I am happy to discuss sustainability goals we need to follow so we better balance economy, social, and environment for our citizens. We are planning think tanks in Canada to work on this next year once we realign our government.
Stay well.
A better review of the science and politics is moving us toward Climate Realism? That's a very revealing statement, Nigel. What you really mean is that the hard science, i.e. data collection and rigorous analyses are being suppressed by the political elements that are dominated by the fossil fuel interests. Climate Realism is newspeak for Climate Denialism, as is evidenced by the whitewashing report ( https://issuu.com/libertyfrac/docs/bettering_human_lives_2024_web_-_liberty_energy/2?ff ) put out by our new cabinet nominee, who is denying the importance of the changes in the climate caused by fossil fuel emissions and says that we should build out way out of the issue by.....you guessed it....more fossil fuel emissions-fueled economic growth!
This is not science, but a classic example of those in charge wanting to retain their economic and political power despite the clear evidence of the damage that they are causing, which clearly will only get worse. Your BS 3 points are the same denialist points that have been so thoroughly discredited as to not merit a response other than to say that C02 and other greenhouse emissions from fossill fuels have changed the atmospheric chemistry in ways that created impacts (sea, atmospheric warming, increased frequency of droughts, increased flooding, increased strength of hurricanes, increased wildfires frequency/severity, poleward shift of species, increased acidification of the oceans, sea level rise, increased frequency and severity of coral bleaching, etc) that were precisely predicted and no alternative mechanisms have been offered by denialists that account for the physics used by models that place causality for all of these effects squarely at the feet of fossil fuel emissions.
So yes, I am also happy to discuss sustainability goals that share a decarbonized economy as an essential component.
Ha Ha....When are you going to stop listening to lies…Why don’t you come to terms that there is no emergency level issues (30 year averages) with the metrics of increased frequency of droughts, increased flooding, increased strength of hurricanes, increased wildfires due to climate, increased acidification of the oceans, sea level rise, increased frequency and severity of coral bleaching,… these do vary with weather but are all showing no statistical adverse trends due to climate change and this has been fully reported. (Note weather transients is not Climate…)
Lets go with Hurricanes…
Hurricane numbers are increasing - CO2 Coalition
https://co2coalition.org/quiz/hurricane-numbers-are-increasing/
More data from reliable sources
Climate Quiz - CO2 Coalition
https://co2coalition.org/climate-quiz/
And
Wallace Manheimer: “Science Societies’ Climate Statements: Some Concerns” | Tom Nelson Pod #243
https://www.youtube.com/watch?v=IraXQCWQZhs&t=2s
Why not read Unsettled by Koonin… He is getting good review with our governments.. If you have not read his book or reviewed the links above you should before you debate with me any more as all the data we use is the same data that is in the IPCC scientific section reports.. it’s the policy sections that tell huge lies.
Sustainability goals will not include any mention of CO2.
Anyway…. I am extremely happy that we now have the correct policies going forward. 😊
https://clintel.org/
Sorry for not replying sooner--life intervened.
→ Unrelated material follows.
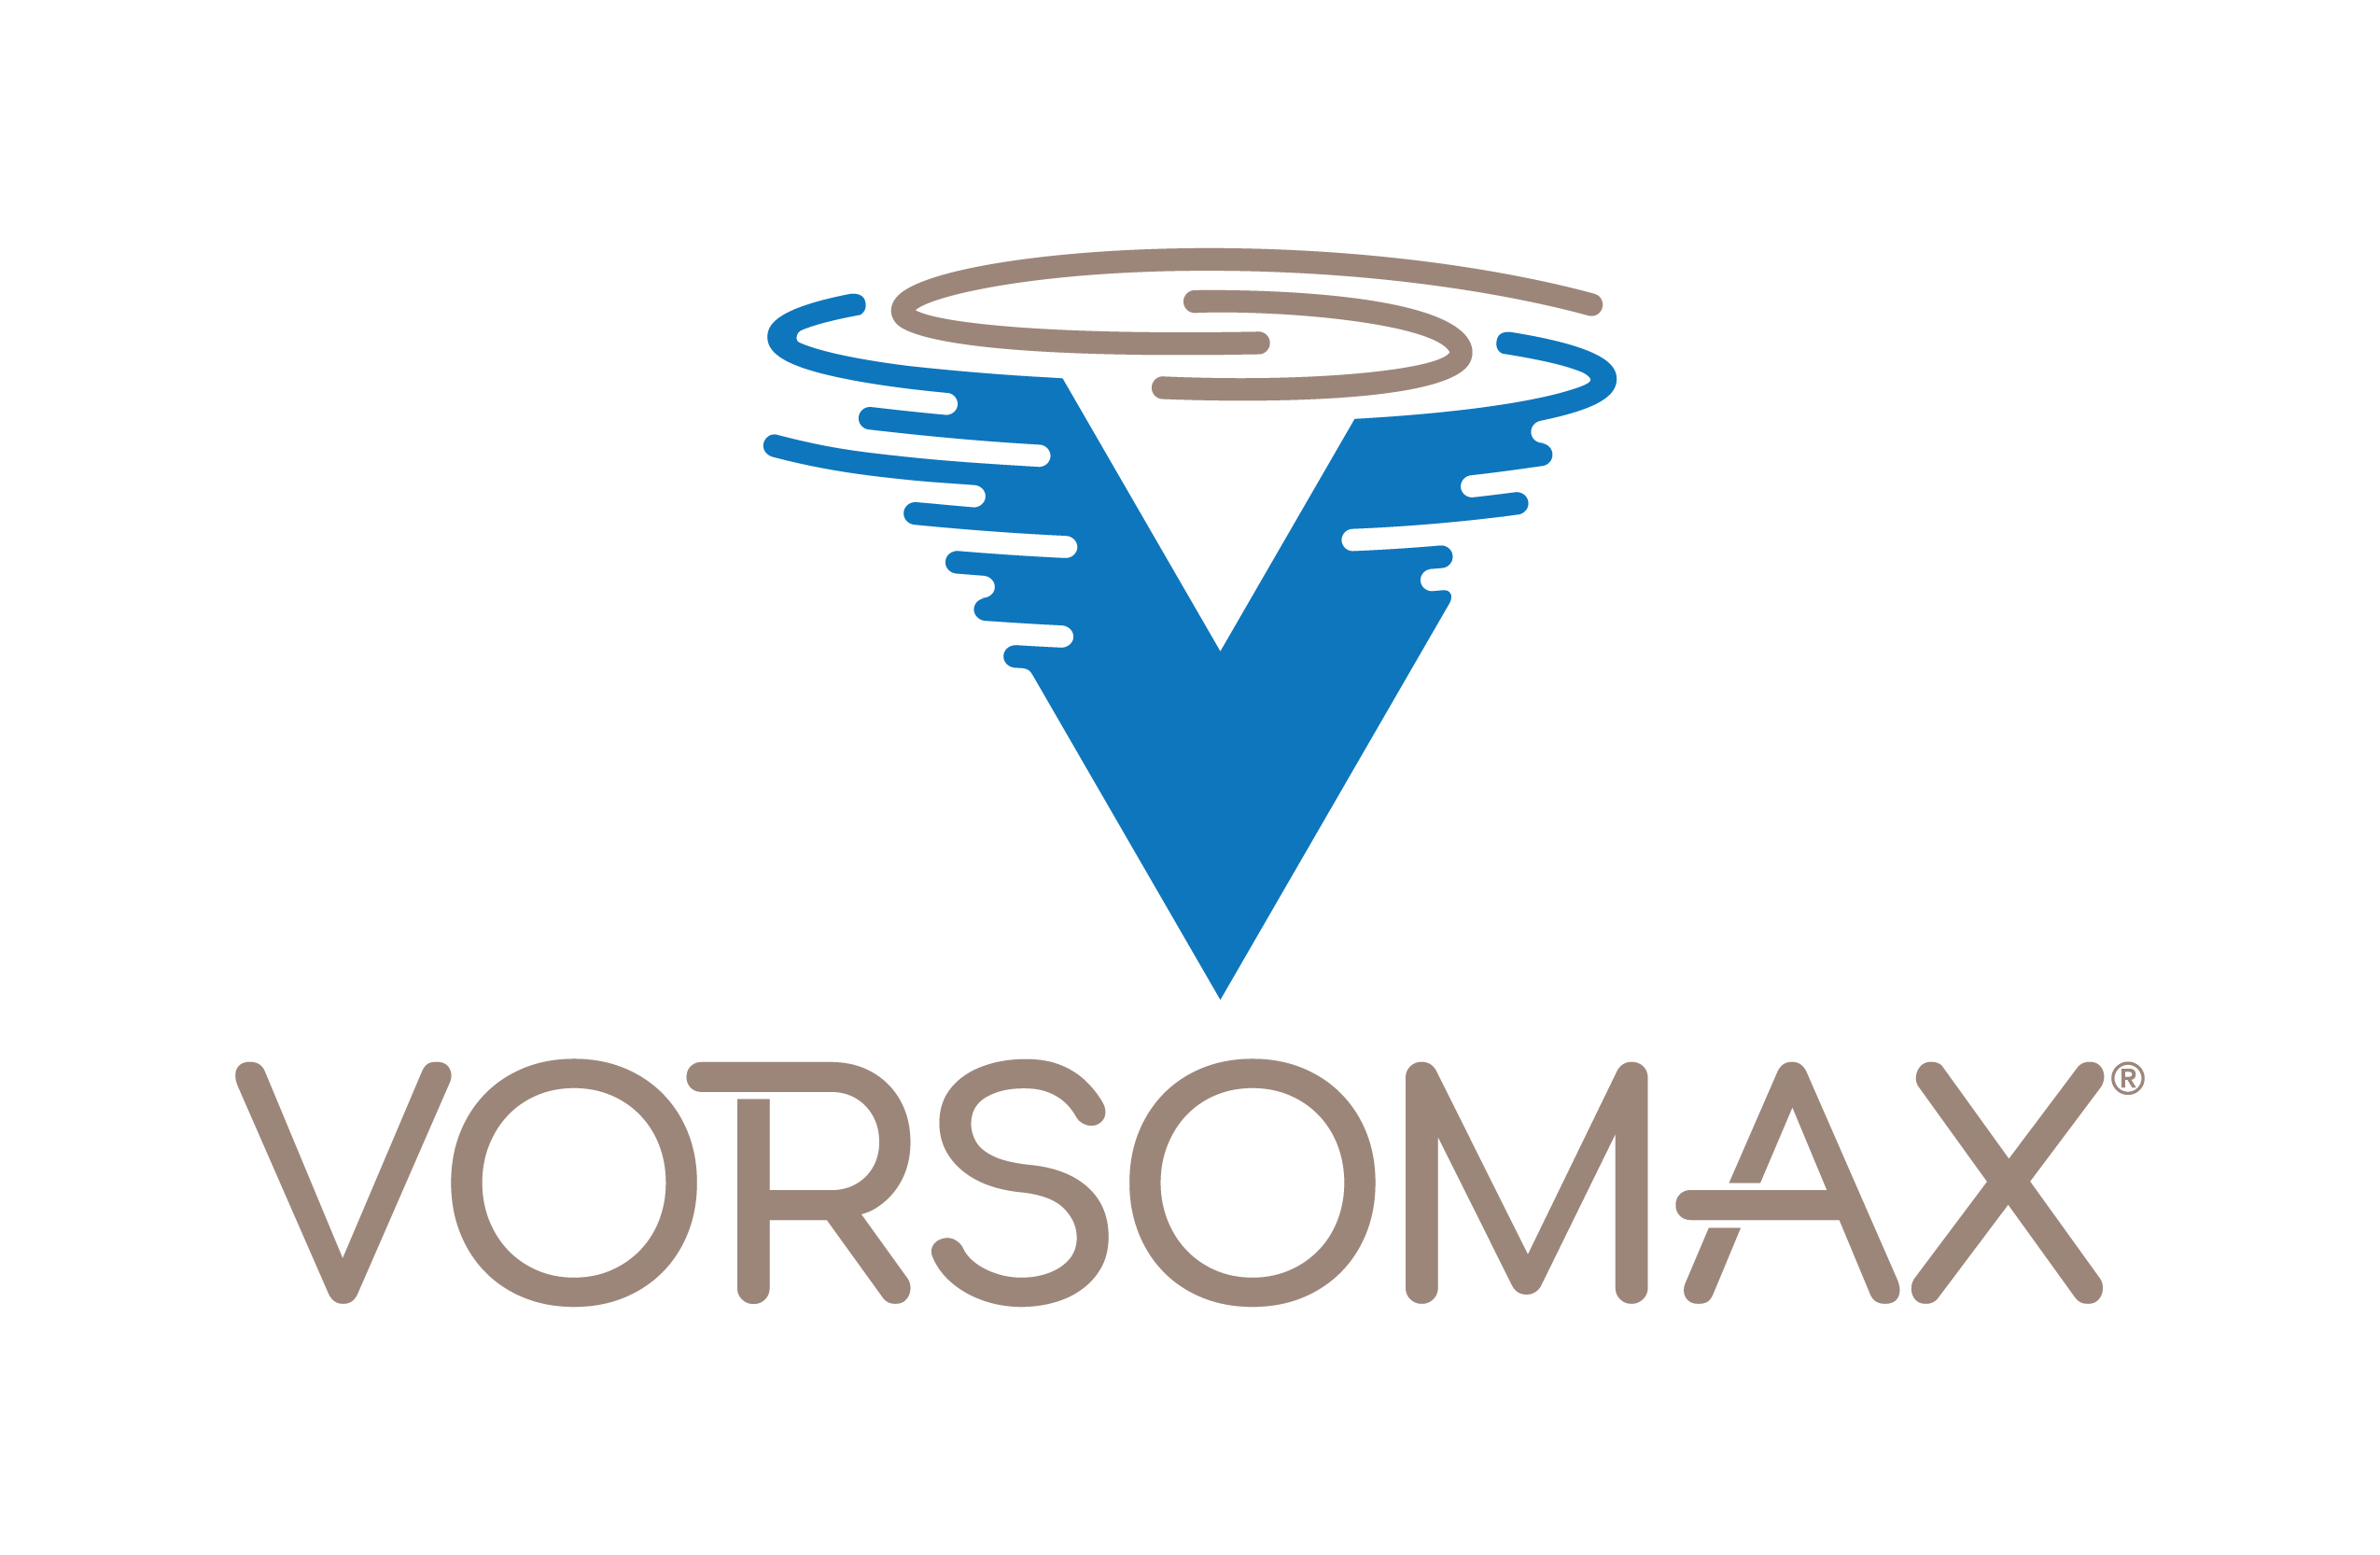 VORSOMAX logo (pending in U.S.)
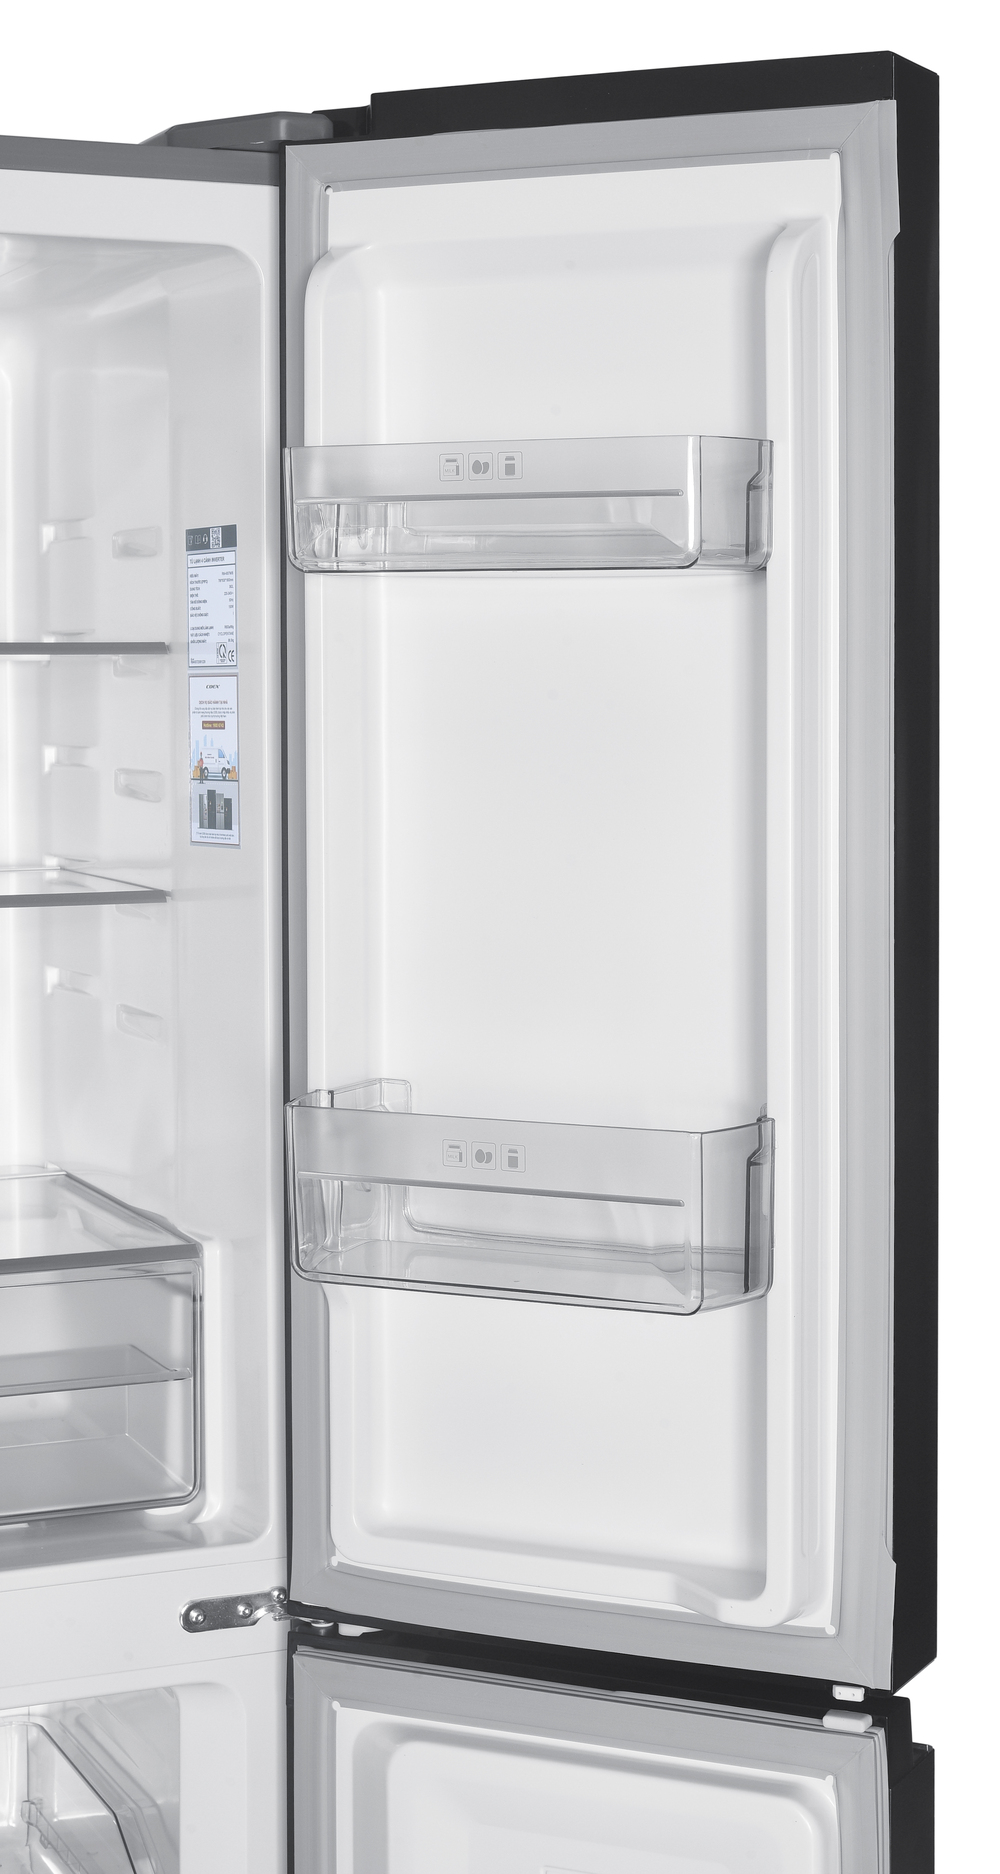 Tủ lạnh 4 cửa Inverter 362L COEX RM-4007MIB (Inox đen)

I reviewed you CO2 coalition materials and your Tom Nelson pod and they fall well short of anything the IPCC has provided in their transparent process. The climatological community has provided a multi-year ongoing endeavor that continually evaluates the ongoing data collection, analyses and has developed 6 Syntheses reports, with the latest being AR6, and is working on the 7th. This involves hundreds if not thousands of contributing authors, writers and review editors, guided by a scientific sterring committee. This is not a radical community; in fact the scientific method is geared toward shooting down any and every hypothesis in order to ensure that there is not some alternative explanation/model that provides a better fit to the carefully vetted systematically collected data. The results of this process is inherently conservative, so any conclusions that are provided are couched in level of certainty as science always leaves room for new information and models that are counter to the conclusions provided.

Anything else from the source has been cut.